Je trouve particulièrement difficile la question "Qu'est-ce que le féminisme ?" Je vais ici tenter d'y apporter une ébauche de réponse, et je suis prête à entendre la remarque sur l'absence de limpidité de ces propos. Sachez en tous cas que j'ai essayé, comme toujours, de formuler ma pensée au plus clair et au plus précis.
Si l'on essaie de définir le féminisme en quelques mots, on bute rapidement sur la multiplicité des discours et actions qui se sont réclamés de ce mouvement. La réponse "être convaincu qu'il est nécessaire d'améliorer la situation des femmes" ne me semble pas satisfaisante, ni même celle consistant à demander ou revendiquer que les femmes soient égales.
En effet, qu'est-ce qu'une meilleure situation ? Jusqu'à quel point l'action sera-t-elle nécessaire ? Et on veut que les femmes soient égales. J'exècre véritablement cette formule, pour son inanité logique et sa pauvreté lexicale, mais qui semble cependant imposer un certain consensus sur la scène publique. Je m'explique. Connaissez-vous la blague du corbeau ?
Q : Quelle est la différence entre un corbeau ?
R : Ses pattes sont toutes pareilles, surtout la gauche.
Et voilà le problème avec l'égalité des femmes. L'égalité se constitue nécessairement avec un autre élément. Le sujet ne peut pas être égal seul.
Cette dernière observation me conduit à remarquer quelque chose que je trouve fondamental et qui est souvent ignoré du discours public : l'égalité entre les genres n'est pas le problème des femmes. Je m'exprime mieux : l'égalité n'est pas le problème exclusif des femmes.
Plusieurs arguments sont en faveur de cette thèse.

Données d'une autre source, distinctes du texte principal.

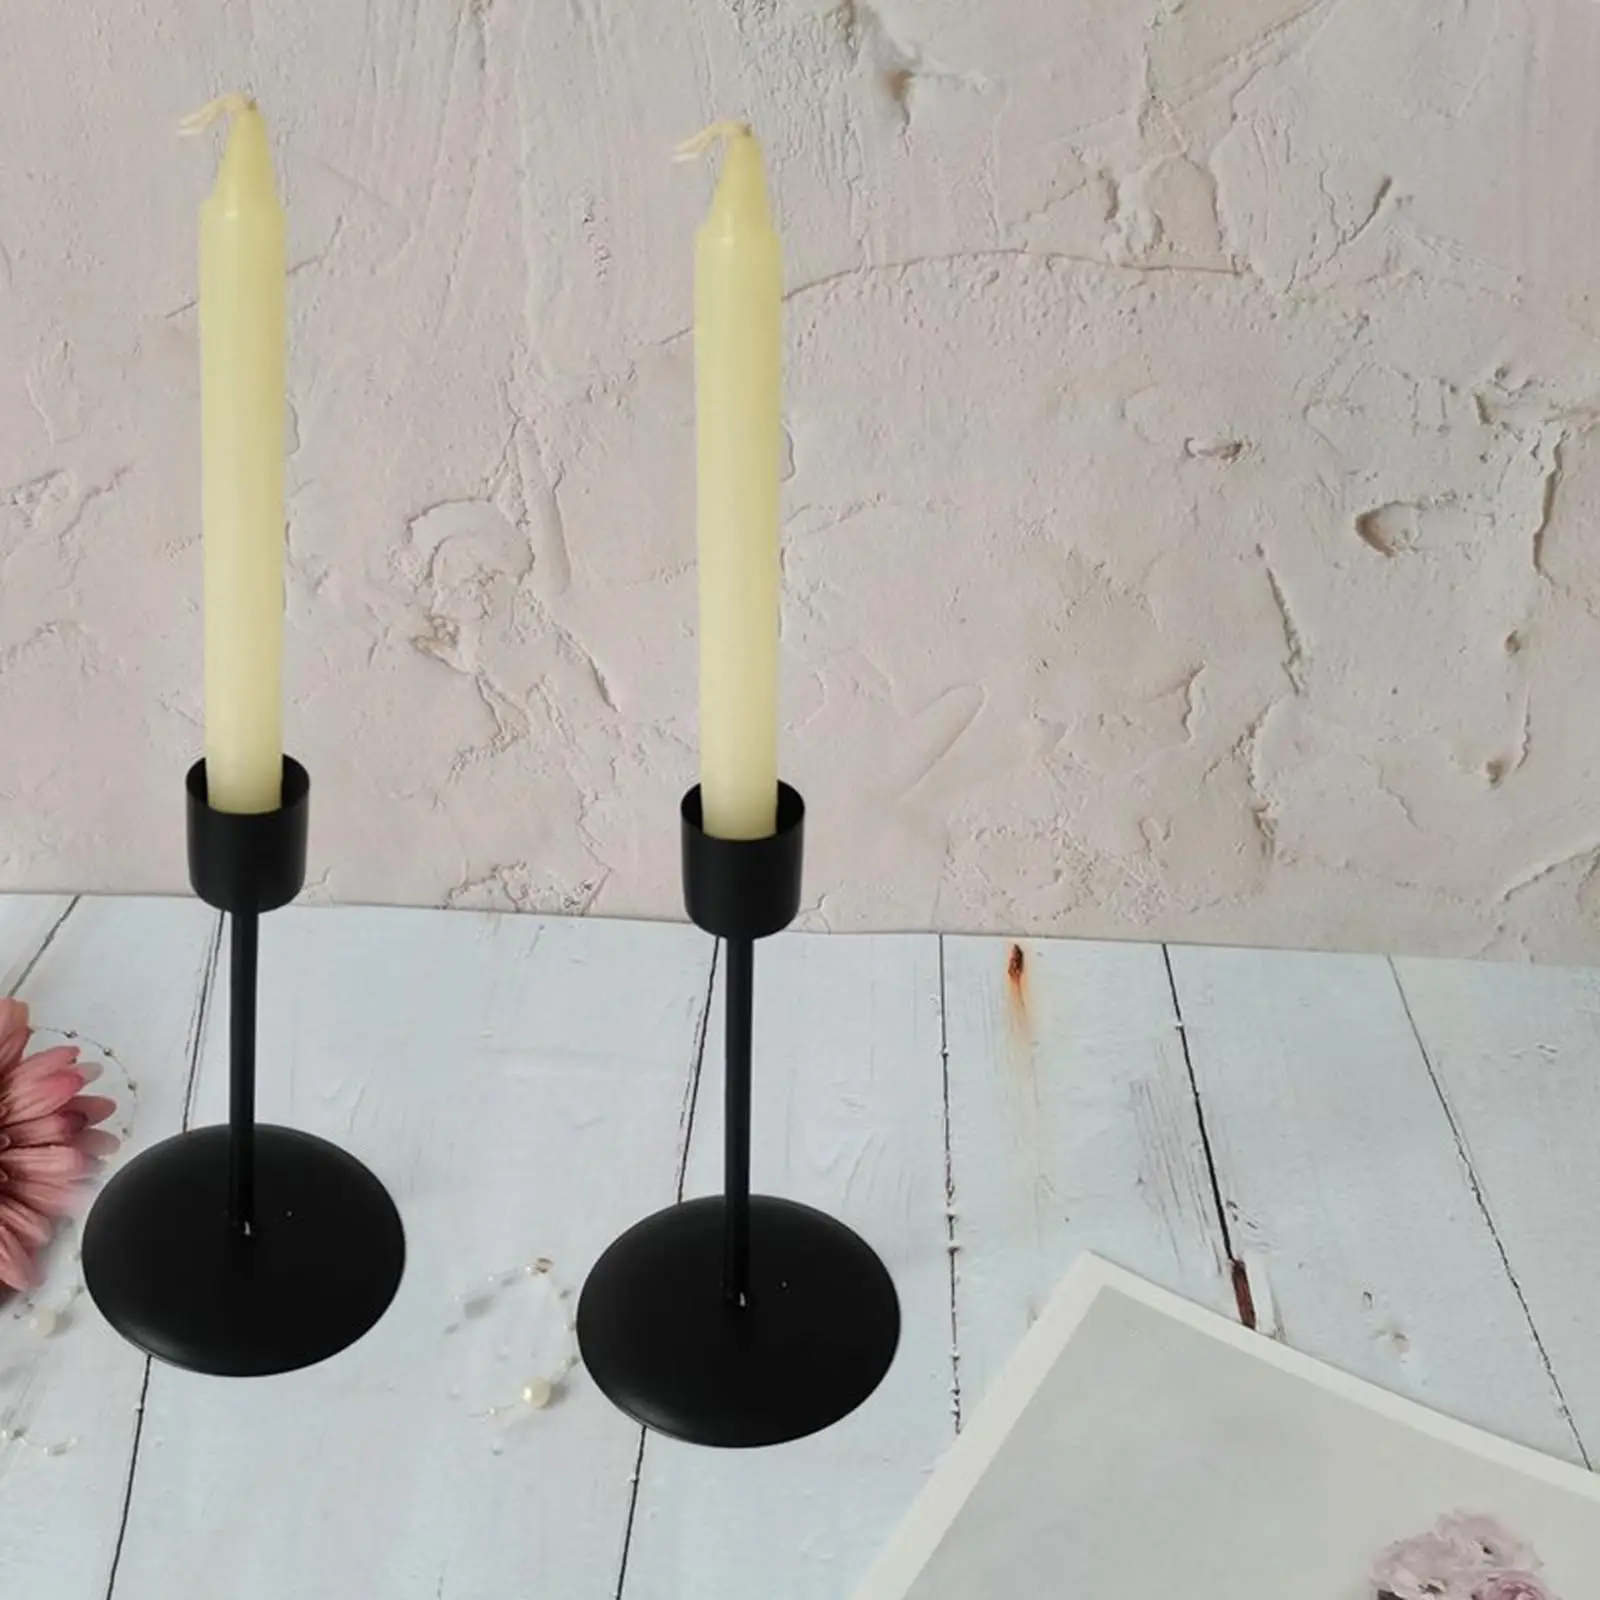   Taper Candle Holder Candlestick Table Centerpiece Birthdayr

1. Tout d'abord, d'un point de vue logique, un groupe ne peut être égal dans l'absolu. Il pourra à la limite être égalitaire, mais cela renverra alors à la situation de ses membres en son sein. Les femmes ne peuvent être égales de manière abstraite.

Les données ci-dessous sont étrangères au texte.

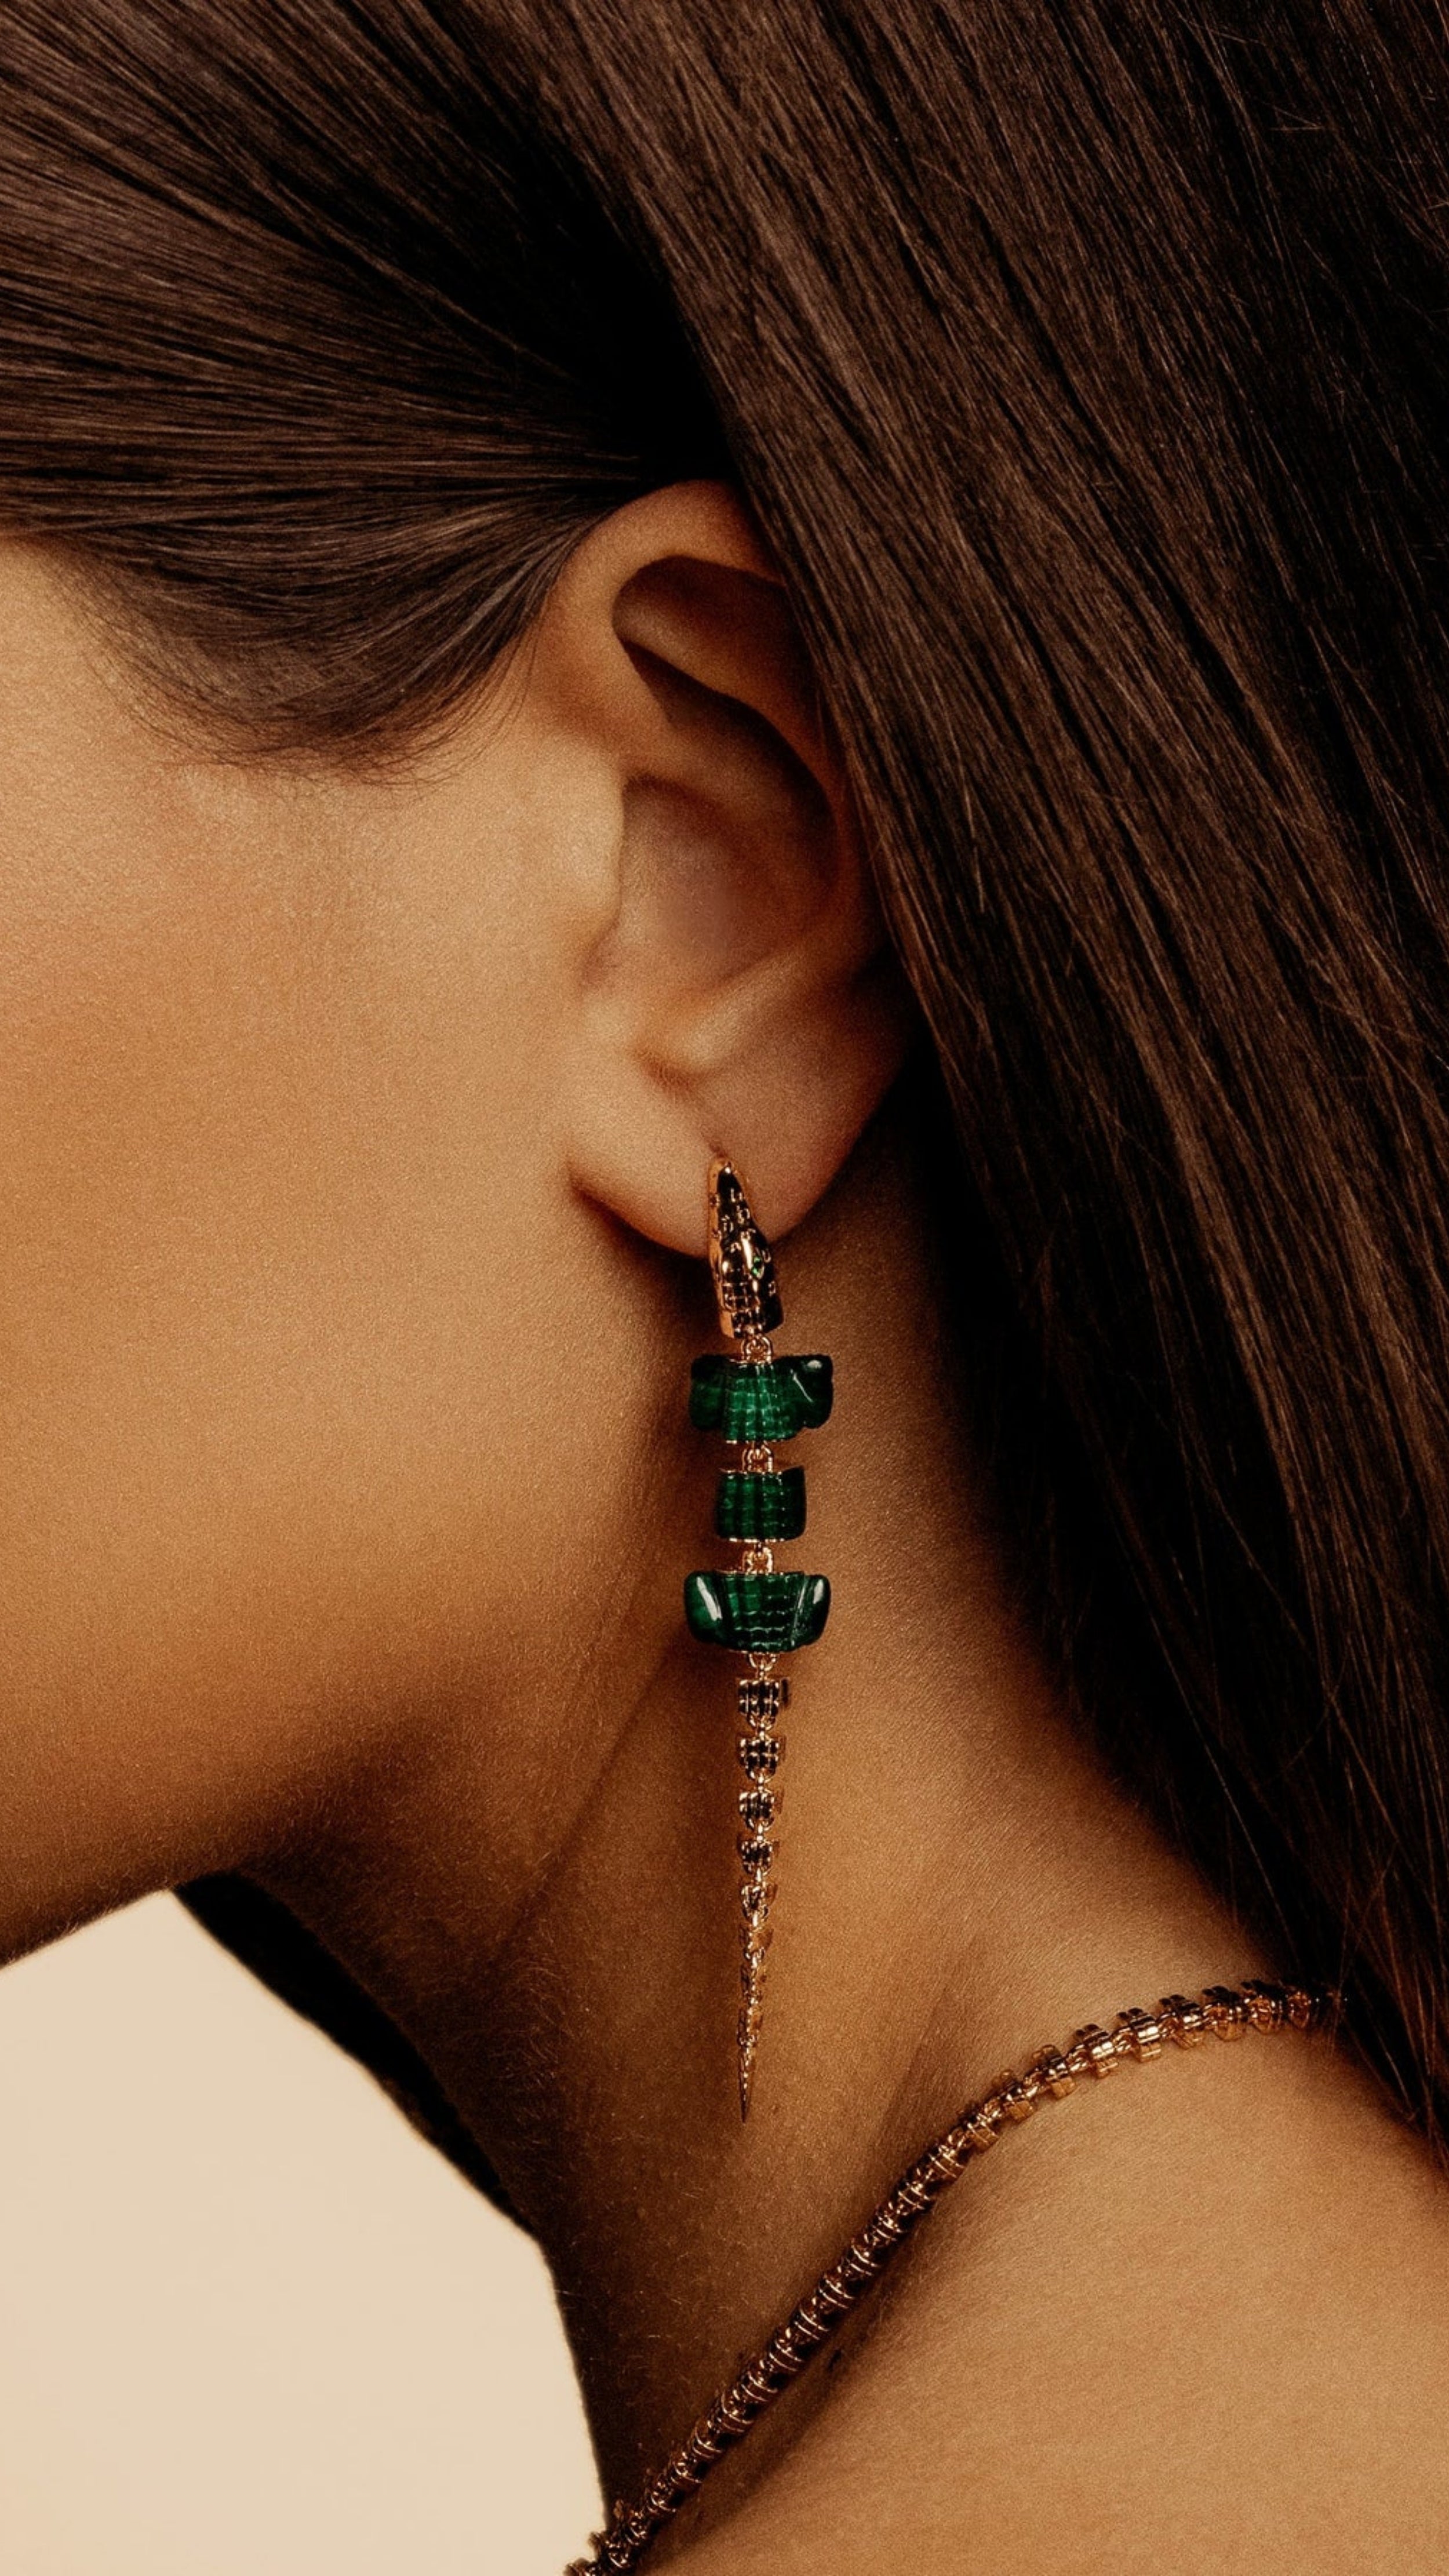 Bibi van der Velden Malachite Alligator Vertebrae Bite Single Earring. Hand-crafted 18K yellow gold earring with spine of the alligator and lifelike malachite body with Tsavorite accents. It has a unique bite clasp and moving tail. Shown on model.

2. Ensuite, et c'est la conséquence de l'argument précédent, une réflexion sur le genre et la société ne saurait exclure des membres eux aussi genrés de la réflexion, et de l'éventuelle transformation sociale qui s'ensuivra.

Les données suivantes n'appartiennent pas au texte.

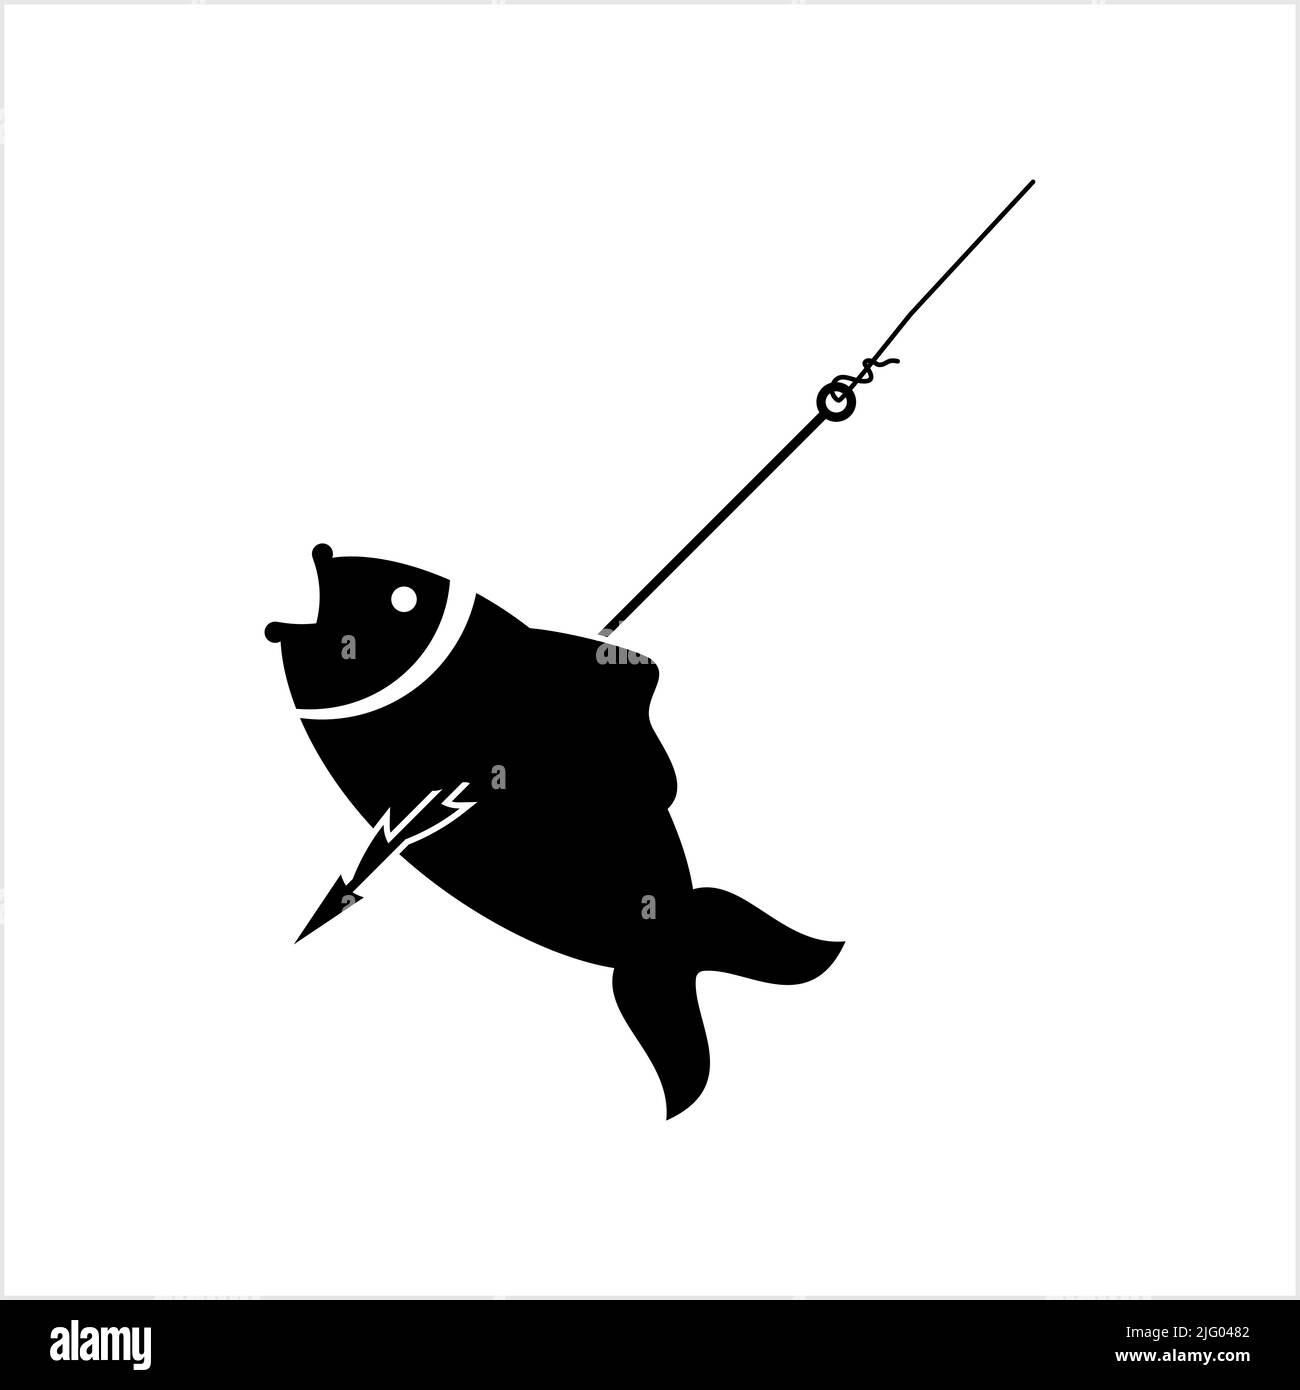 Spear fishing Black and White Stock Photos & Images - Alamy

3. Il n'est par ailleurs pas souhaitable que les questions de relations entre hommes et femmes deviennent l'apanage exclusif des femmes : encore une source d'inégalité entre hommes et femmes, puisqu'il serait en quelques sortes attendues de ces-dernières qu'elles prennent en charge cet aspect de la vie sociale. Je ne vois pas comment cela fera avancer les choses.
Je pense que ce qui m'a rendue féministe - ou m'a fait réaliser que je l'étais - est la situation répétée où on restreint la vie sociale de l'individu à un prétendu déterminisme biologique, où on confond le statistique et le vécu. Par exemple, oui, statistiquement les hommes ont de meilleures performances en sprint sur 100 mètres que les femmes ; mais cela ne veut pas dire que dans toutes les situations que je rencontrerai, où et un homme et une femme courront un 100 mètres, que le premier sera plus rapide. Cette situation relève du vécu, de l'expérience. En vivant avec les œillères du genre, on se prive de la possibilité de l'expérience et du vécu.
Pour moi, le féminisme est la posture nécessairement critique consistant à analyser les faits sociaux et individuels à l'aune du prisme du genre. Autrement dit, il s'agit de, consciemment, utiliser le genre comme un outil ou critère d'analyse.
Finalement, je ne trouve pas que le mot "féministe" soit le meilleur, étymologiquement. Je comprends son origine historique, dans une société où la propriété était quasi exclusivement accaparée par les hommes, et où les femmes faisaient peut-être plus partie du patrimoine que des propriétaires. J'avais coutume de dire qu'en d'autres temps, j'ose espérer que j'aurais embrassé la cause masculiniste, si c'était les hommes qui avaient été exclus du champ du pouvoir et de la légitimité sociale. Mais en attendant de trouver un autre terme, je pense qu'il est fondamental d'associer le féminisme à l'humanisme, à la critique qui se centre sur l'individu et qui, d'une manière que l'on pourrait qualifier de désespérée, croit en l'humain. Et par croire en l'humain, je veux dire croire en son infini capacité à porter son regard et son esprit critique sur lui ou elle, que ce soit en tant qu'individu ou en tant que société.
Je ne tolère pas que l'on empêche une personne de se réaliser, d'expérimenter, au prétexte de son genre.